Thoughts from Behind the Pressline

Unless cooler heads begin to prevail, I fear our society is well down a path we do not want to be on. At 57 years of age, I don’t consider myself old or a prude, but when I start looking back and thinking about how things have changed over time, I feel somehow like the old curmudgeon warning the youngsters not to play with fire for fear of getting burnt. We find ourselves so frustrated over events and conditions of the day, but we keep playing with fire and then wonder where the burns come from.

As I look back, I can see how attitudes are changed by the information we are fed. We seem bent on stretching for the outrageous and gravitating to who can deliver the greatest shock value. In retrospect, when you compare the information we were exposed to in the old days, with TV shows like “Leave it to Beaver” and “Ozzie and Harriet” or a movie like “Mr.

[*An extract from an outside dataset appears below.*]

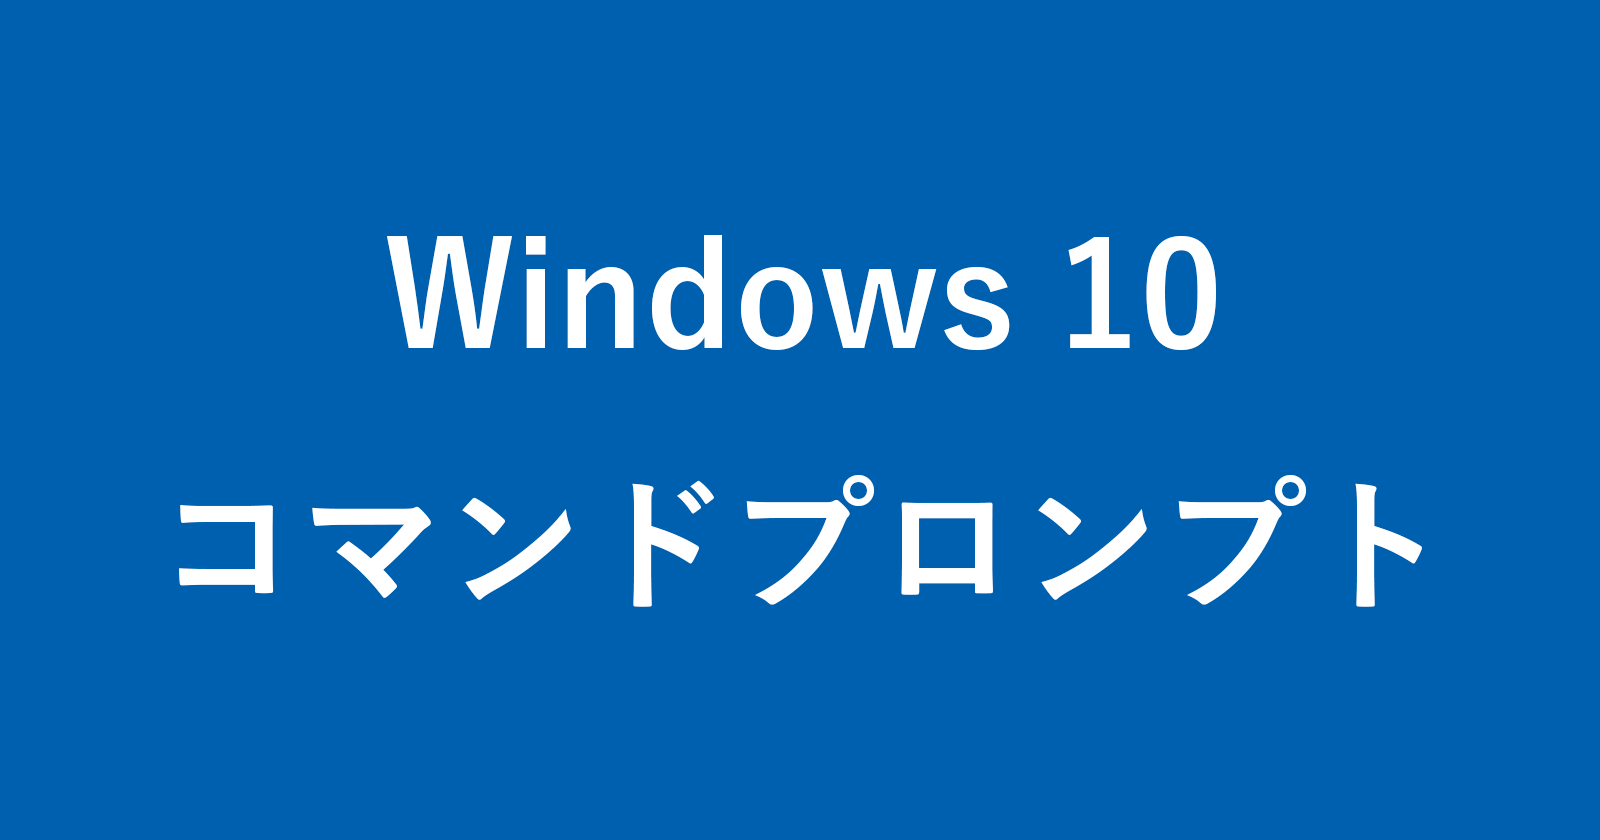 windows 10 command prompt

Smith Goes to Washington,” we could laugh and reinforce valuable life lessons.

Compared to what we digest today as entertainment and acceptable society behavior, Real Housewives of (name your city here), sexual innuendo-filled comedies beginning at 8 p.m. in what use to be considered the family hour, Mature Rated Video Games for their extreme violence, or gruesome, violent packed movies that continue to portray a realism through special effects, is it any wonder why we are frustrated when real life starts to replicate the thing we gravitate to for entertainment? When our elected leaders, sports heroes, movie/television stars act this way and we glorify the extreme and outrageous in society, how can we expect to see a future filled with anything but what we digest when we are entertaining ourselves?

In years gone by, we had censors controlling the information we received and we all railed against censorship in favor of freedom of expression. I’m not suggesting we return to those days, but we must begin to realize that we are becoming a product of our own creation.

We need to reacquire our moral and social compass in order to put ourselves and our world back on a less destructive course and once again find the peaceful satisfaction with the world we all share.